There is a meme running rampant in our society, and our industry, that we need to confront and resist. It is the unscrupulous meme: The ends justify the means.
This meme is unscrupulous by definition. When a person has scruples it means that they choose honorable means to achieve their ends. A person without scruples will use dishonorable means to achieve their ends. Therefore the notion that the ends justify the means is a notion without scruples, and therefore without honor.
Let us choose a real example in order to illustrate this point. Let us assert that there should be more women programmers. This seems like a worthy goal. After all, the distribution of the sexes in software favors males by 20:1 or so.
What honorable means could we employ to increase the number of women programmers?
Before we can answer that, we ought to try to determine what the cause of the 20:1 ratio might be.

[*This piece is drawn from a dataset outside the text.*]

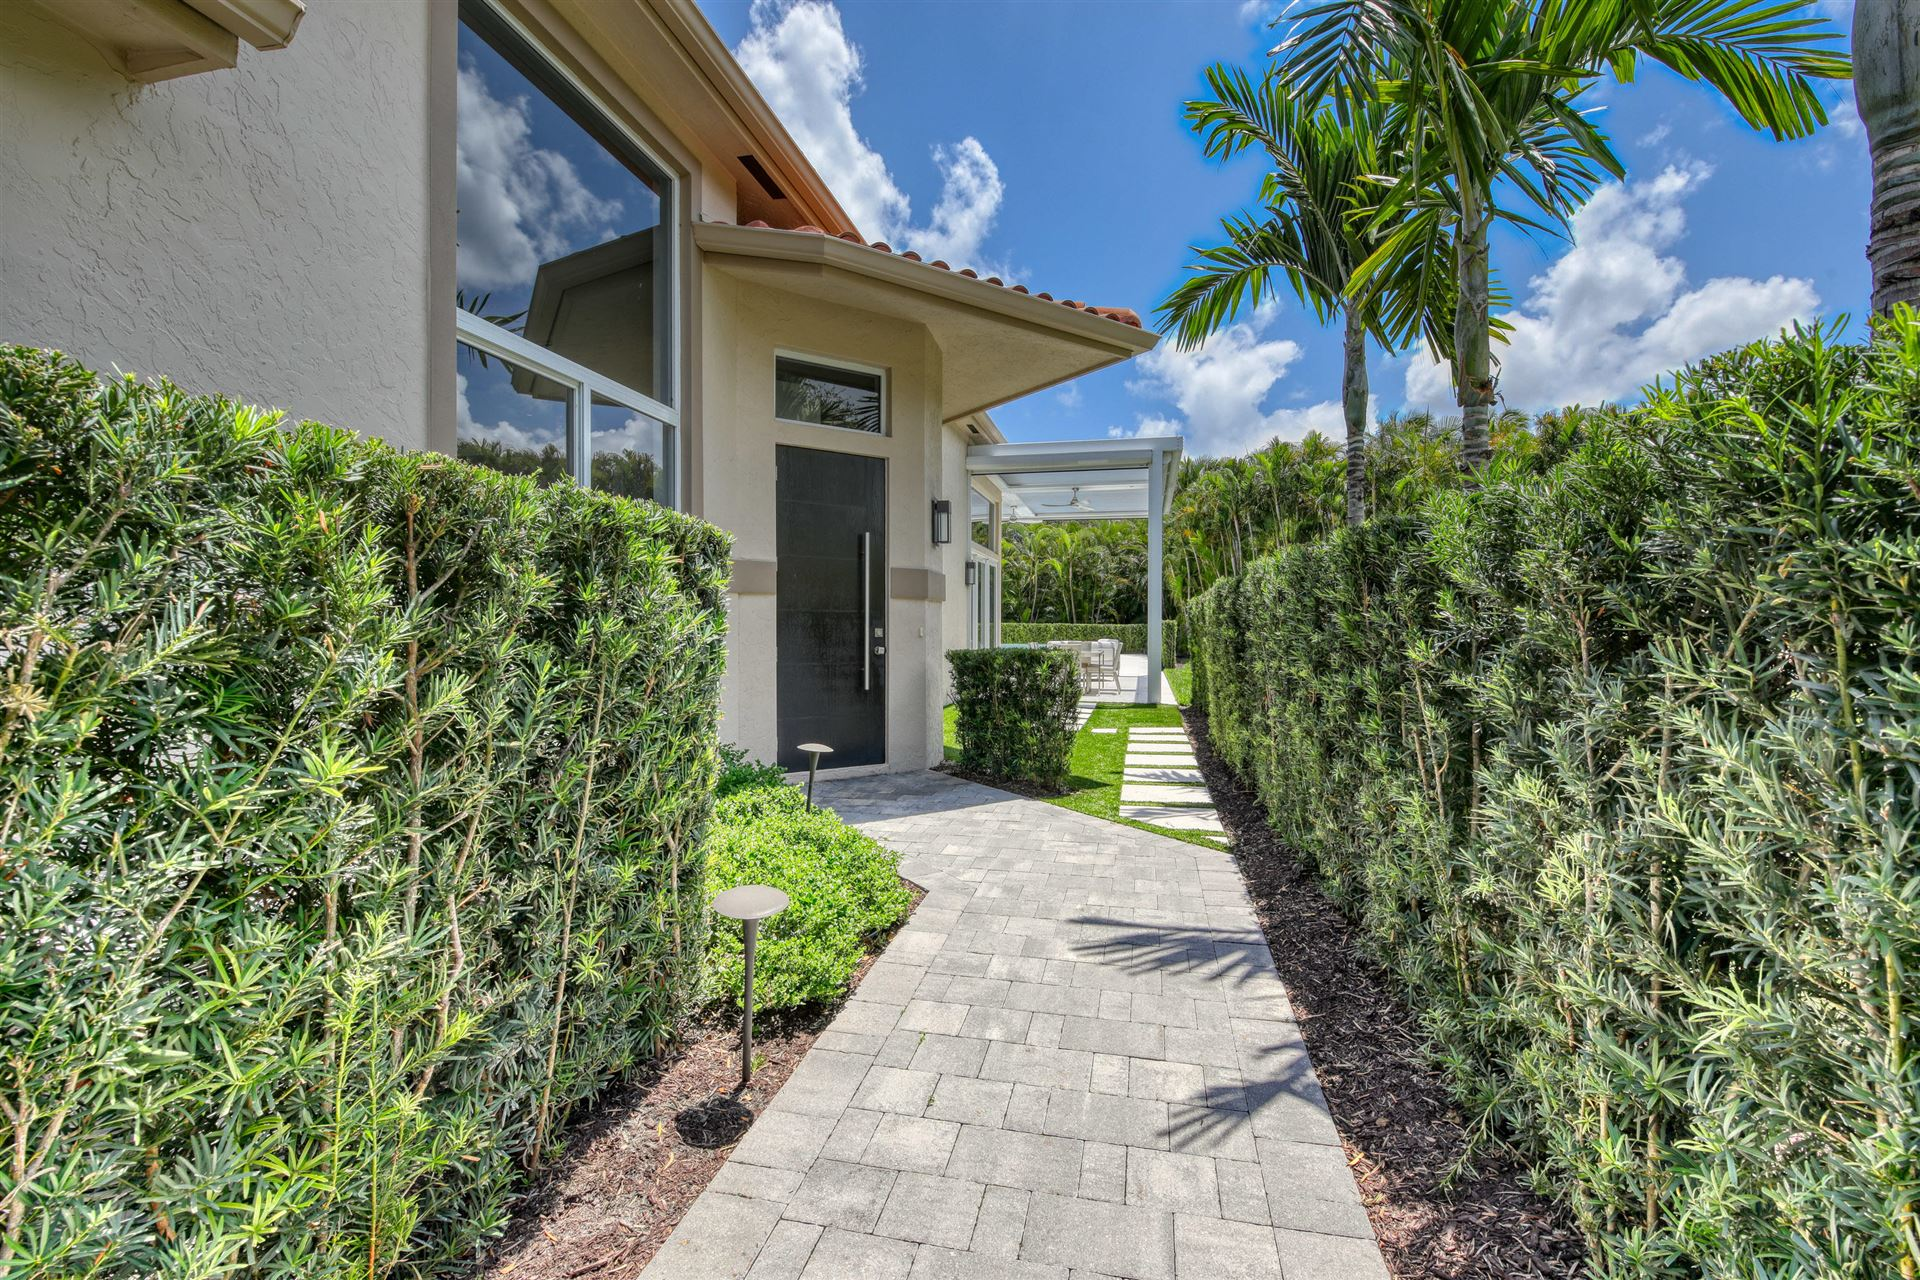 Photo of 13870 Parc Drive, Palm Beach Gardens, FL 33410 (MLS # RX-10712263)

Allow me to enumerate a few of the many possibilities:
- Some in our industry may not view women as programmers.
- Some in our industry may prefer men programmers over women programmers.
- Some in our industry may actively discourage women from becoming programmers.
- Some in our industry may abuse women programmers.
- Women, in general, may not be as interested in programming as men are.
I think it is apparent that there are honorable means to address all of these causes. These include educational programs that help people see women as programmers; and work to reverse any conscious, or unconscious prejudice against women. Also included would be disciplinary standards and consequences for the active discouragement and/or abuse of women. Lastly, but of no lesser importance, would be public relations campaigns to help women become more interested in programming.
What about hiring quotas? Should we demand that more women be hired? Is this honorable? At first blush this might seems like a good tactic. Upon reflection, however, it must inevitably require that hiring decisions are not to be based upon merit. No matter how hard a candidate tries, no matter how much a candidate succeeds, that candidate may be passed over for someone of lesser merit solely because of their gender. It is very difficult to find honor in that. I would dare to say that the only honorable hiring policy is one that is entirely merit based.
What about reverse social pressure? Could we use that to achieve our ends? What if we see a speaker at a conference using language and/or metaphors that could be construed to demean women programmers? Should we organize against that speaker? Should we boycott any conferences where that speaker speaks? Should we urge conference organizers to avoid, or even disinvite, such speakers? Shall we put pressure on that speaker’s employer to terminate their employment? Should we physically attack that speaker’s servers and websites? Are these honorable means to achieve our end?
Clearly not. Such means are not honorable because they are unilateral and asymmetric. They are done in relative secrecy by a few, but they affect many. The few set themselves up as the judge, jury, and executioner. The accused is tried in absentia, and in secret, without the ability to offer a defense; and is then sentenced to be labeled a pariah, and to be ostracized from the industry. The sentence is enforced throughout the industry by the fear of reprisal. And the many, who could have benefited from the teachings of that speaker, are denied that benefit.
Not only are such a tactics dishonorable, they are disgusting. Anyone living in a free society should judge them to be abhorrent and reprehensible. The honorable way to deal with a bad idea is not to suppress that idea, but to present a better idea. If we see someone using rhetoric that we believe demeans women programmers, then we should present better rhetoric, with better ideas, to counter them.
Unfortunately, what we see in our industry (and in our society) today is an ever increasing use of the unscrupulous meme that says: any means is acceptable if it pursues the achievement of our ends.
And so we saw Doug Crockford disinvited from Nodevember for making a muscle. We saw cleancoders.com
endure a Ddos attack[*], because of this blog. And we saw James Damore fired for suggesting that women may not be as interested in programming as men are.
The firing of Damore was dishonorable. The disinvitation of Doug Crockford was dishonorable. Any Ddos attack is both dishonorable and criminal.
Here’s a better idea:
Have scruples. Be Honorable!
[*] Thanks to all our supporters who made the two days of that attack among our highest revenue days on record.